Woody Crandall’s epiphany came near the prescribed drugs counter at the back of London Drugs.
He laughed and shook his head at the wonder of it all.
Diabetes prescribed drug that costs 62 cents a pill back home in Marysville costs only 7 cents a pill in British Columbia. An ulcer medicine prescribed costs him $1.03 a pill at home. He can get the same prescribed medicine for 13 cents a pill in Canada.
“It’s the same damn company and the same damn pills,” said Crandall, 64.
Crandall has joined a growing corps of Washington state senior citizens who are crossing the border and abandoning their neighborhood drug stores for British Columbia. Saddled with fixed incomes and monthly prescription drug bills in the hundreds or thousands of dollars, they have found a pharmacy haven just across the 49th parallel.
The savings are enormous. A recent survey by the office of US Sen. Slade Gorton, R-Wash., shows that the 10 most prescribed drugs in Washington are an average of 61 percent cheaper in British Columbia. That includes not only the lower costs of prescribed drugs but also a favorable exchange rate.

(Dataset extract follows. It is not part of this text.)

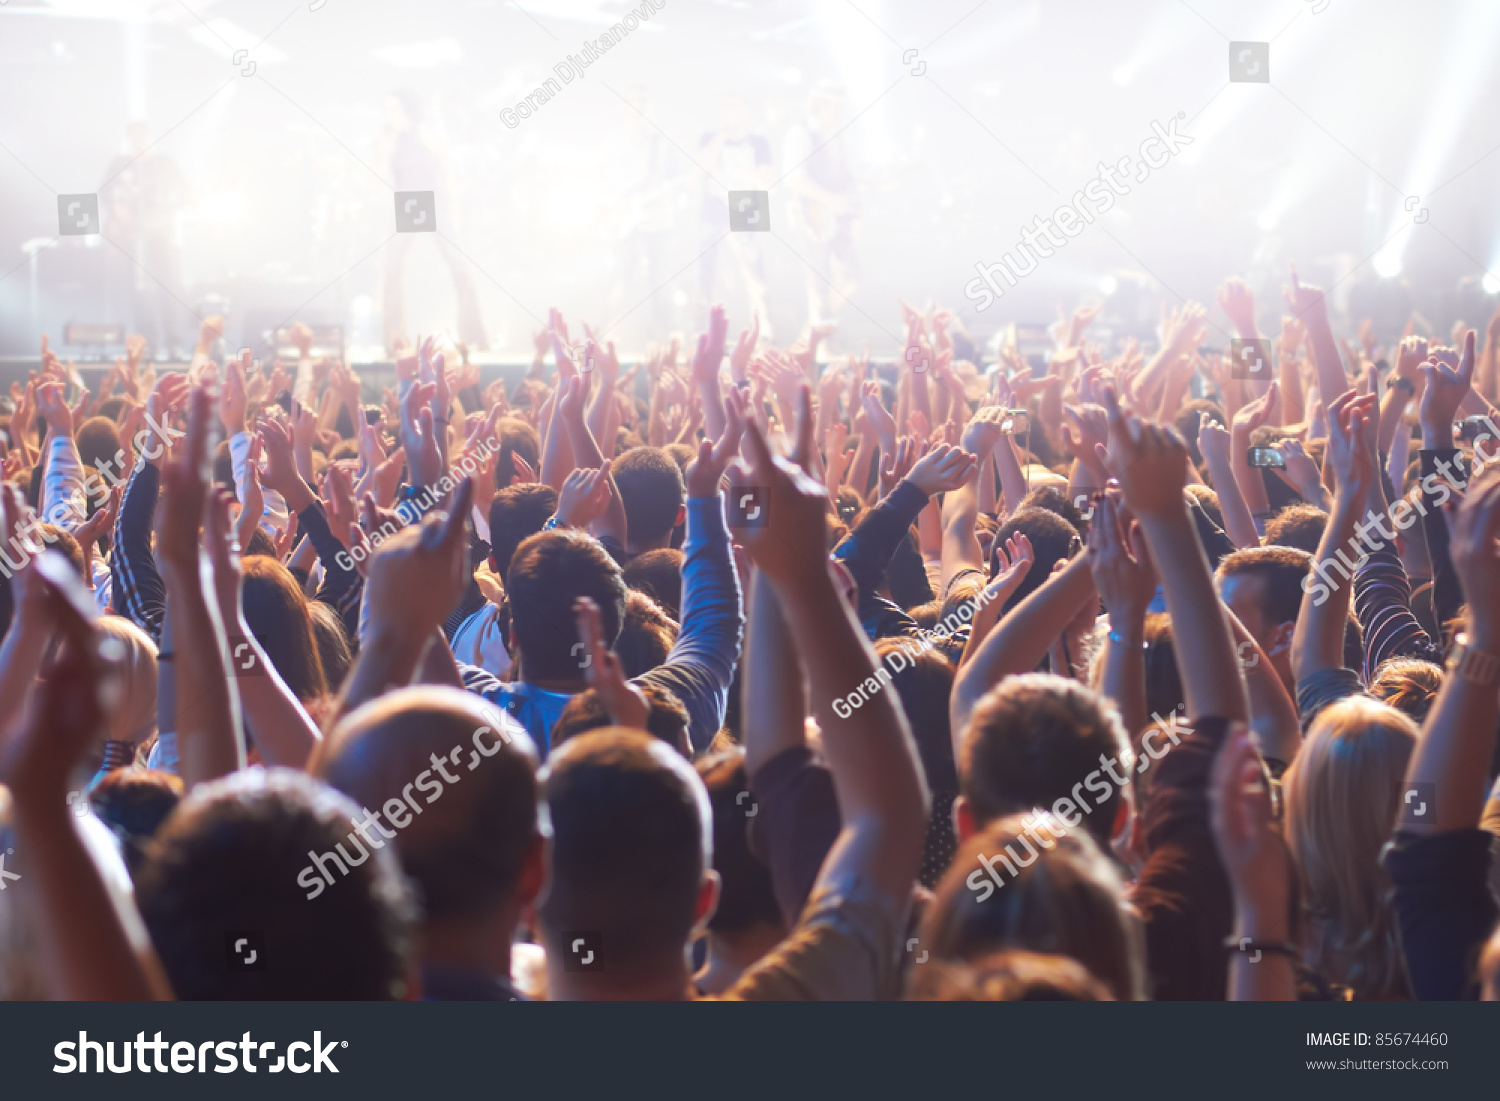 Crowd At A Concert With Hands Up Stock Photo 85674460 : Shutterstock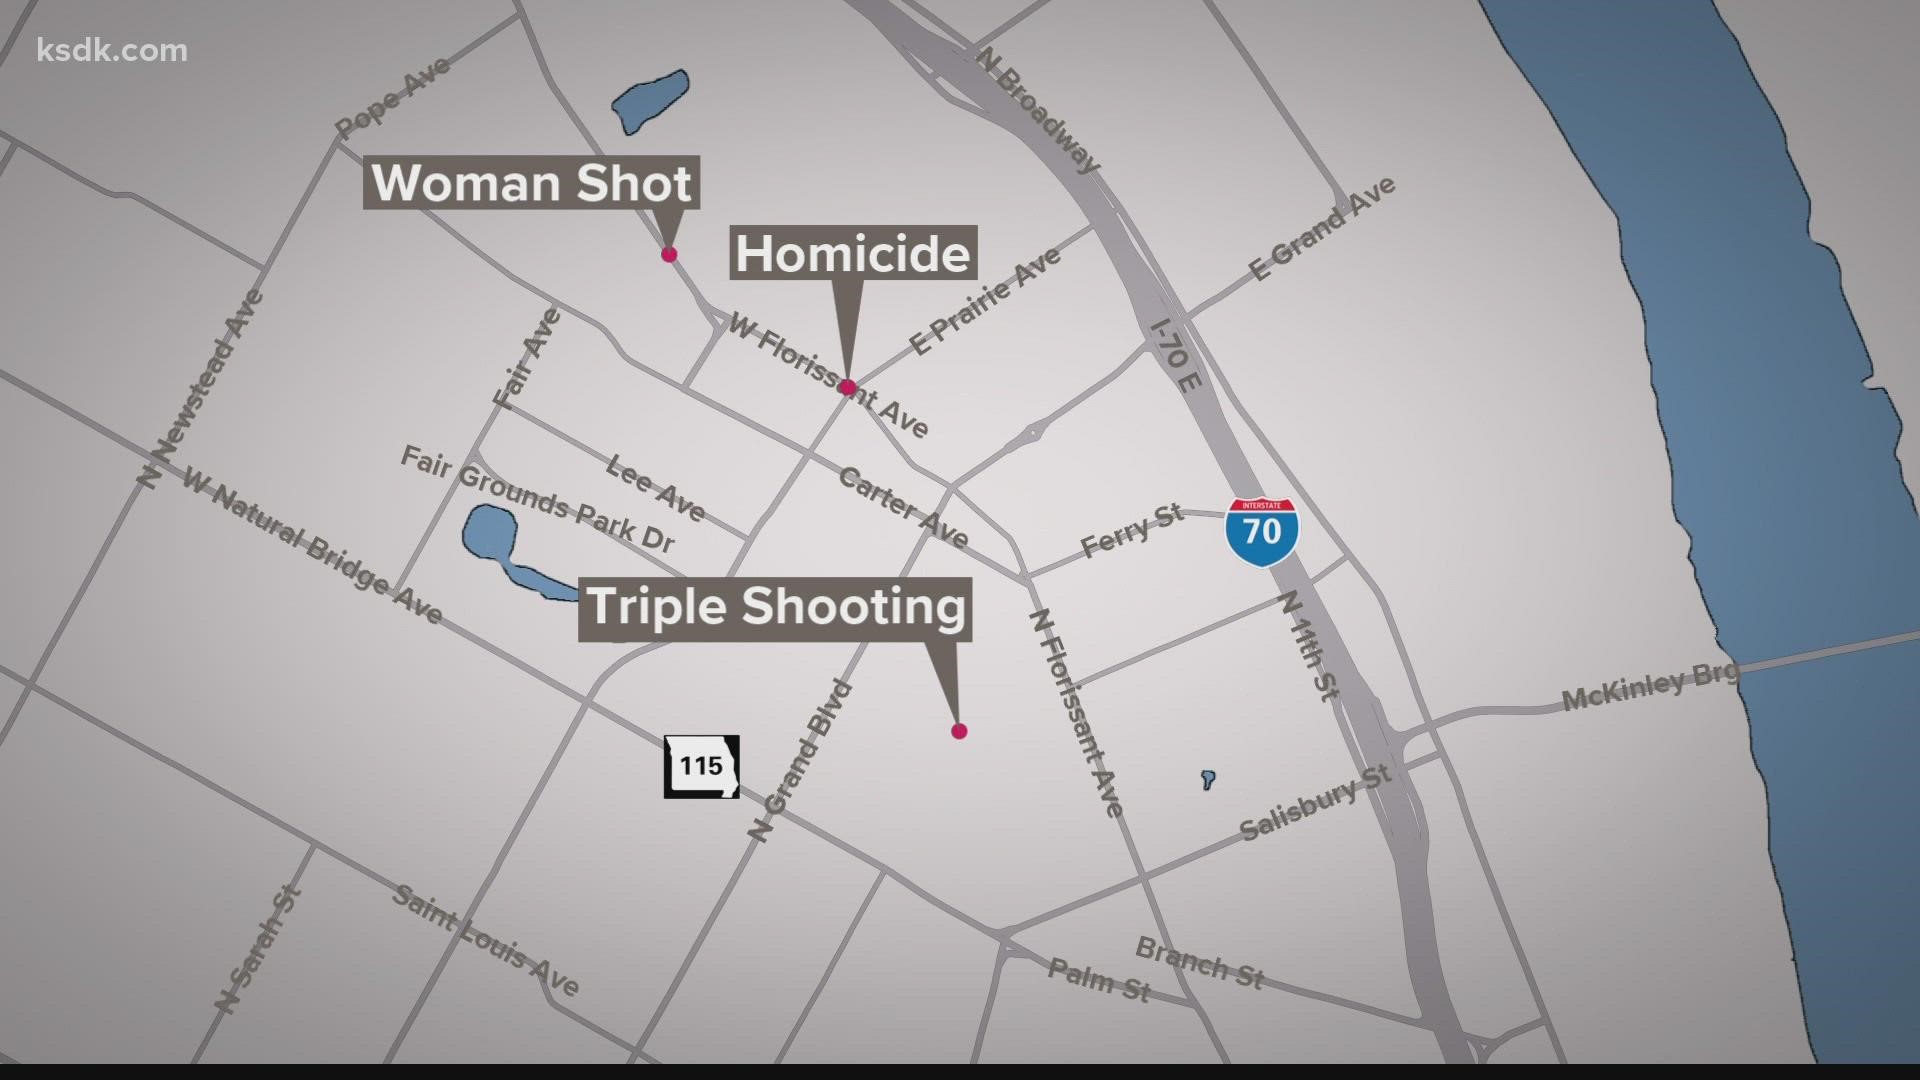 Two of the women were killed in a triple shooting in an abandoned apartment building.

Business for writing prescriptions “In Canadian” for the Tichis and others has gotten so brisk that the Peninsula clinic will open a second facility a few doors away just cater to Americans.
None of this is startling, especially if you saw the smiles on the faces of Crandall, his wife, Sylvia, and her sister Jean Allison as they sat on a bench outside London Drugs. In all, they saved more than $4,000 on 11 prescriptions.
In Canada, Americans buy prescriptions in bulk — enough to last six months. And they pay the clinic $39 for which they get their prescription rewritten and a consultation with a physician who asks about their health and makes sure they understand what the medicines are for.